C’est difficile à dire parce que je ne sais pas comment les fantasmes masculins sont en comparaison avec ceux des femmes. Des fantasmes se développent souvent si on n’obtient pas ce que l’on désire. On s’imagine quelque chose et, dépendant des capacités imaginatives, on se crée un substitut, un monde propre, où les désirs sont réalisées. Ou, au moins, on se crée un monde dans lequel on aime séjourner.
Dans vos dernières œuvres vous travaillez presque exclusivement sur la silhouette humaine, comment êtes-vous arrivé là ?
Quand je suis allée dans l’espace avec ma peinture, c’est-à-dire quand j’ai construit des objets avec différentes surfaces assemblées l’une devant l’autre, j’ai constaté que ma peinture expressive ne fonctionnait pas sur ces surfaces. Il faillait réduire les couleurs et j’ai commencé à travailler intensivement sur les silhouettes. L’homme en mouvement, le mouvement comme expression de son état d’esprit a toujours été mon thème.
Dans l’exposition, vous présentez des œuvres intitulées „Blaue Madonna“ (la Madone bleue) ou « Madonna mit Männerstrauß » (la Madone avec un bouquet d’hommes). Est-ce que vous vous référez à l’image de la Madone pendant l’époque gotique ou la Renaissance ?
Ces images de la Madone m’ont toujours intéressé à cause de leur sérénité affectueuse, leur beauté, leur inaccessibilité et leur rapport avec l’enfant Jésus. Les images de la Madone à cette époque sont souvent très érotiques, l’enfant Jésus ressemble à Amour. Ma Madona bleue est une madone de nuit, dans ses mains brûle la vie – dans ce cas sous la forme des hommes. En tenant un bouquet d’hommes dans ses mains, l’image reçoit un aspect badin, enjoué. Ses seins sont érotiques, séduisants. On ne sait pas, ce que « cette femme » fait avec les hommes, comment se sentent ces hommes qu’elle tient entre ses mains.

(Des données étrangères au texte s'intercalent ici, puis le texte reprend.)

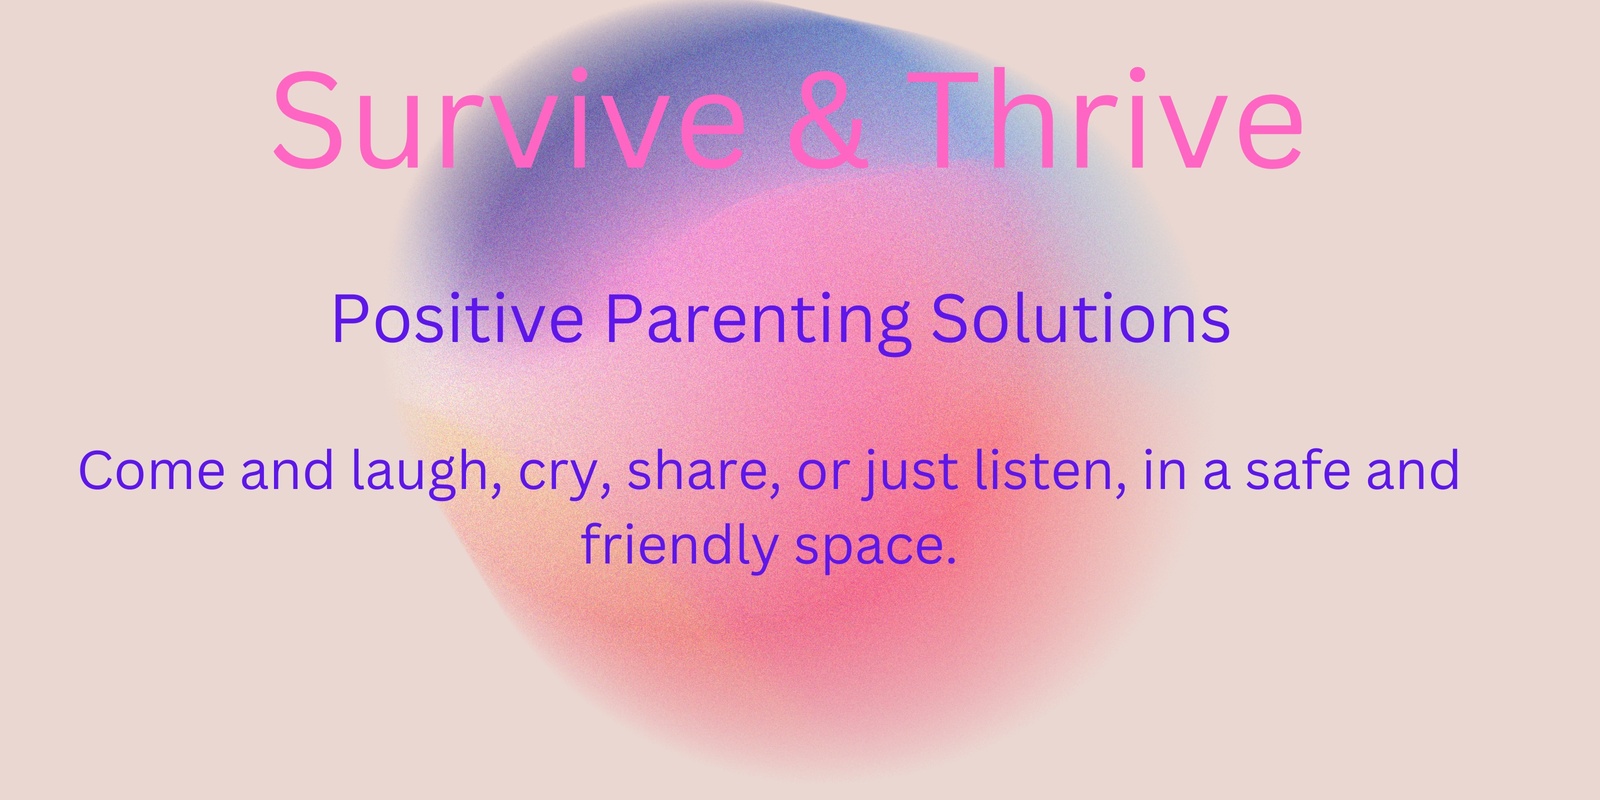 Banner image for Survive and Thrive - positive parenting solutions.

Le sujet de cette œuvre est également le principe de la « féminité », la mère qui regarde cette vie qui lui a été confiée et la protège.
Pour plus de mille ans, les beaux arts ont presque exclusivement été un domaine des hommes. Dans les dernières décennies, ceci a fondamentalement changé. Est-ce que vous voyez une différence entre l’art des femmes et des hommes ?
En principe, il n’est par important pour moi si une œuvre qui me plaît a été créée par un homme ou une femme. Pourtant, autrefois, j’ai trouvé très injuste que les femmes n’avaient presque pas de chance d’apprendre un métier et, si elles ont reçu une formation, ce qui était tout de même le cas de temps en temps, devaient abandonner leur métier en cas de mariage.
Qu’est-ce qui est la chose la plus importante dans votre travail d’artiste ?
Pour moi, la création artistique signifie toujours un „oui“ à la vie. Ceci est indépendant du sujet. Je suis heureuse quand je travaille avec les formes et les couleurs. Je me sens « identique » avec moi-même, à la bonne place dans la vie quand je peins ou je coupe mes figures. Si je fais les « choses normales » de la vie, ce sentiment est rare.